Activity >> Shown below is a listing with pictures; reproduce exactly, and only, the lines between the ones containing "Praia de Santa Comba no inverno" and "Lassiter Blue Metal", inclusive, leaving the pictures out.

Excerpted records >>

========================================================================

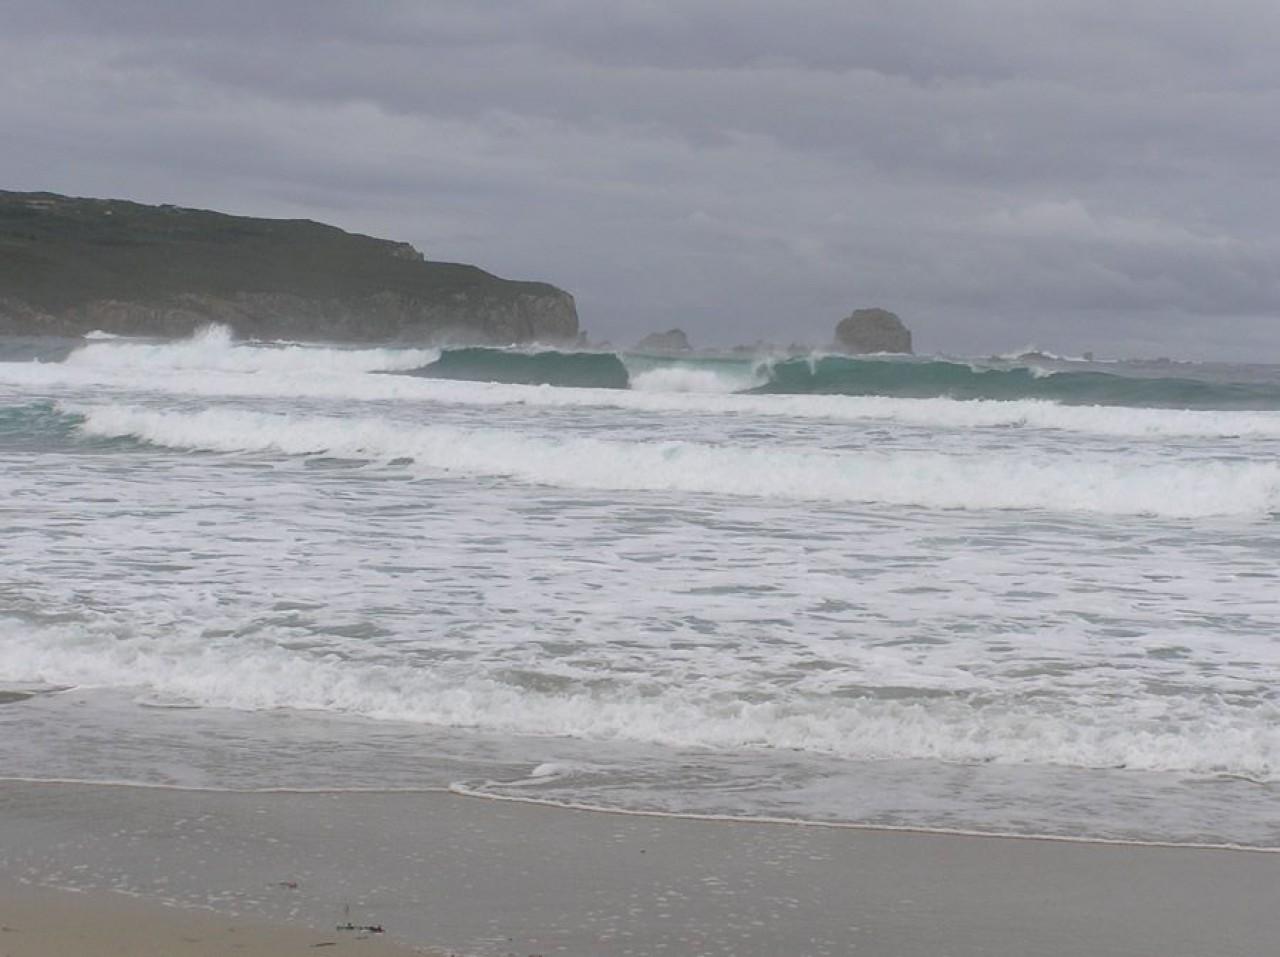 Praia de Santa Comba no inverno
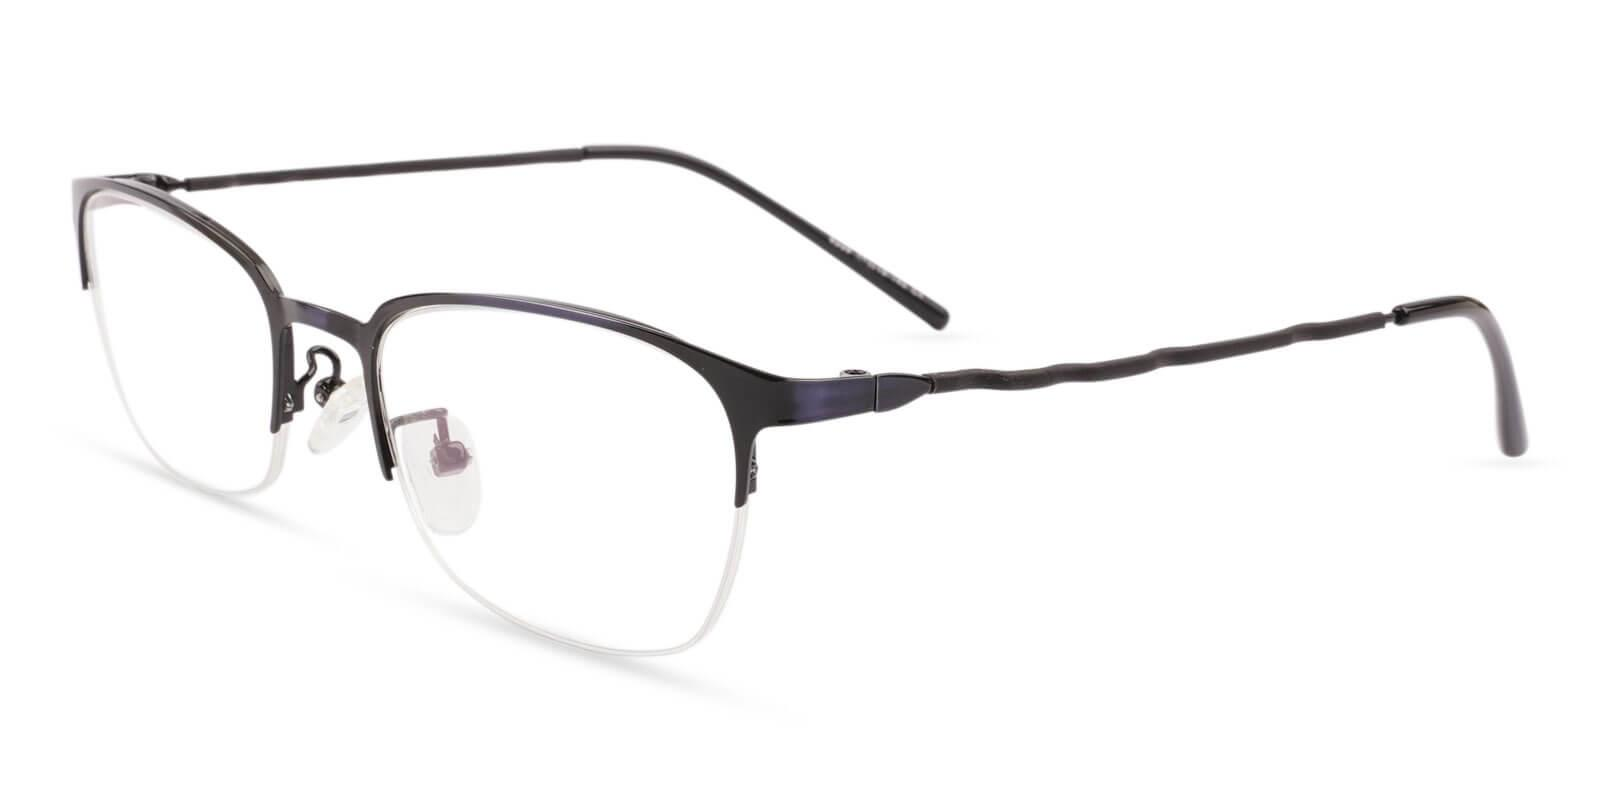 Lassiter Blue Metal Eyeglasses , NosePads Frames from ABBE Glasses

========================================================================

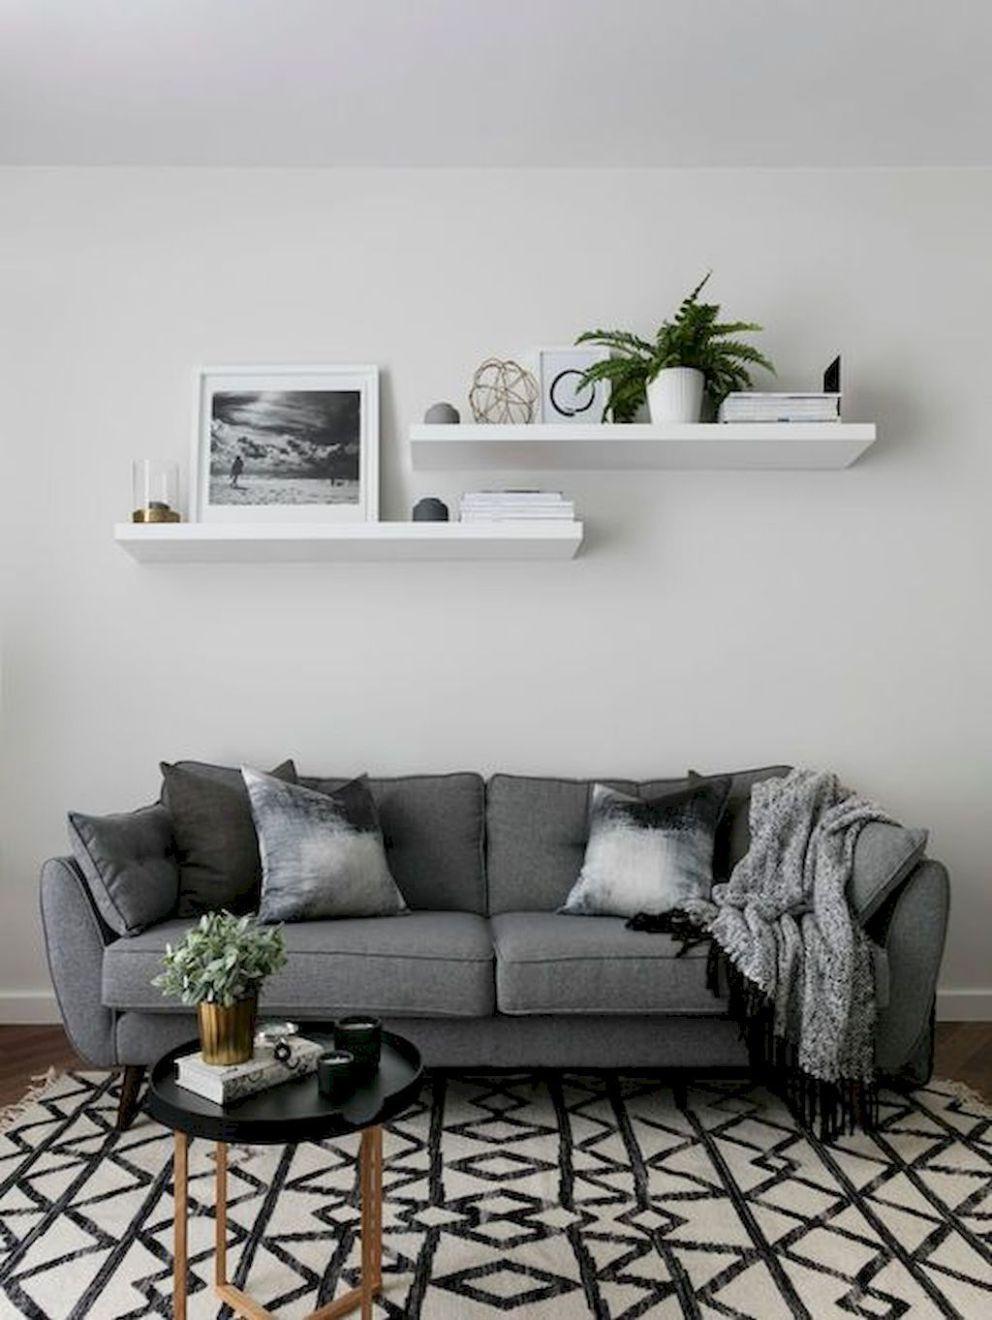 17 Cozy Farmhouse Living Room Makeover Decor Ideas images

========================================================================

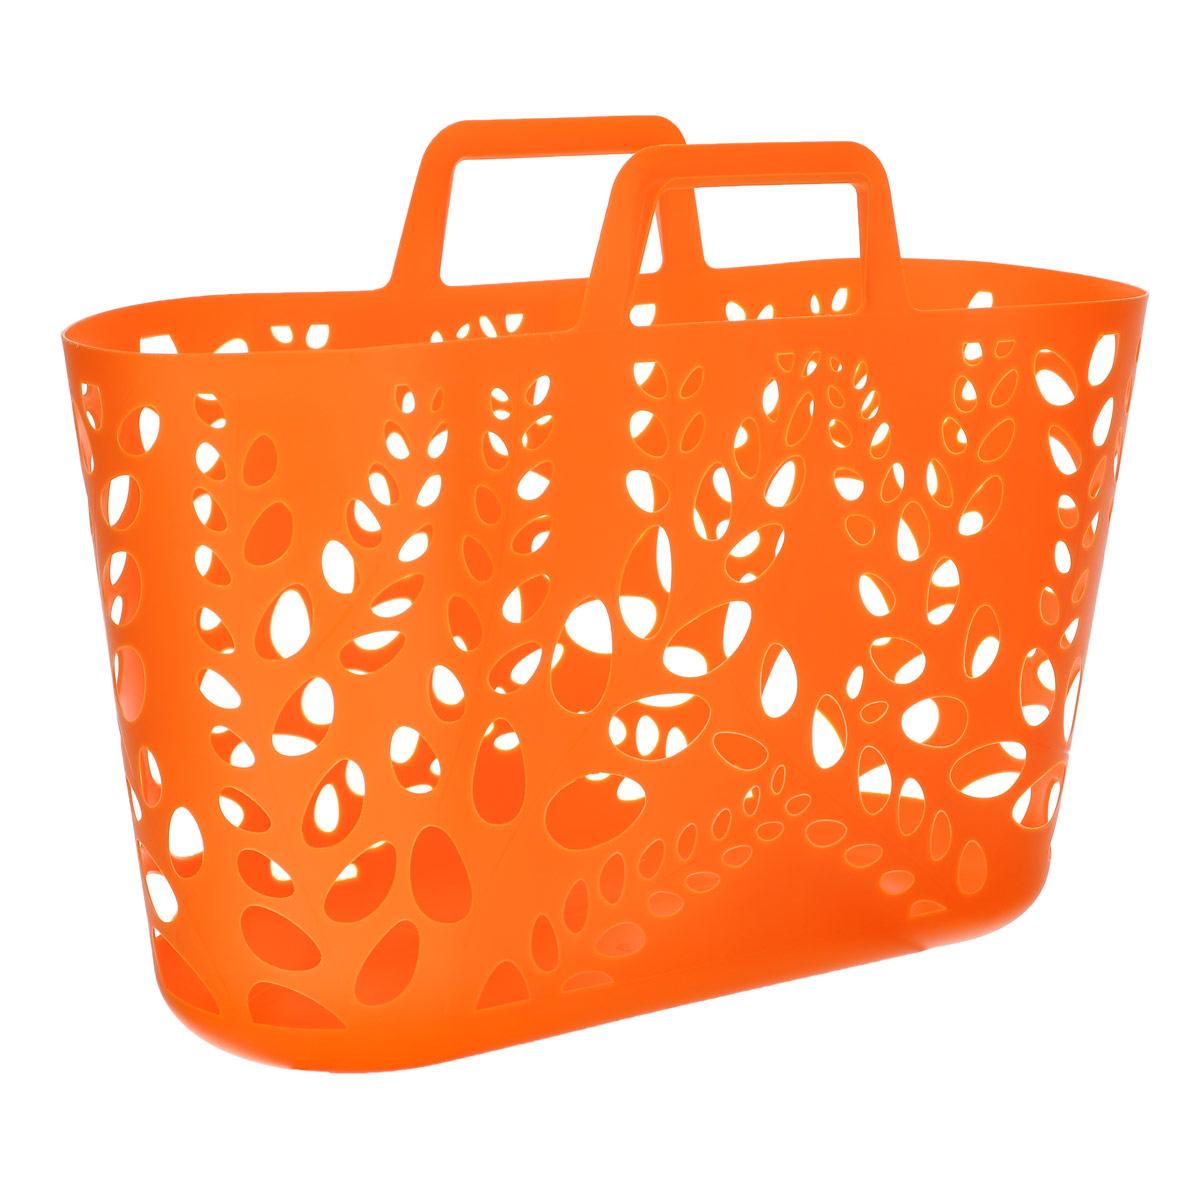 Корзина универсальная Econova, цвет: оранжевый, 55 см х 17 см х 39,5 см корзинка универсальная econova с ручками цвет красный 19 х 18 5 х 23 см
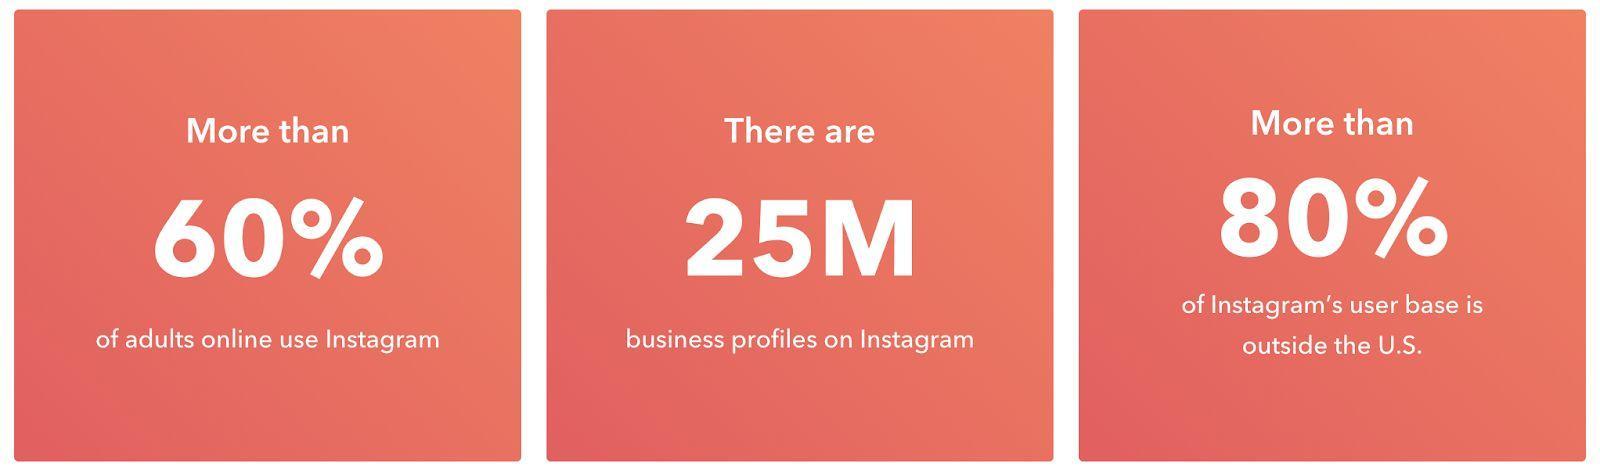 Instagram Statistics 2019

========================================================================

Completed exercise >>
 Praia de Santa Comba no inverno
 Lassiter Blue Metal Eyeglasses , NosePads Frames from ABBE Glasses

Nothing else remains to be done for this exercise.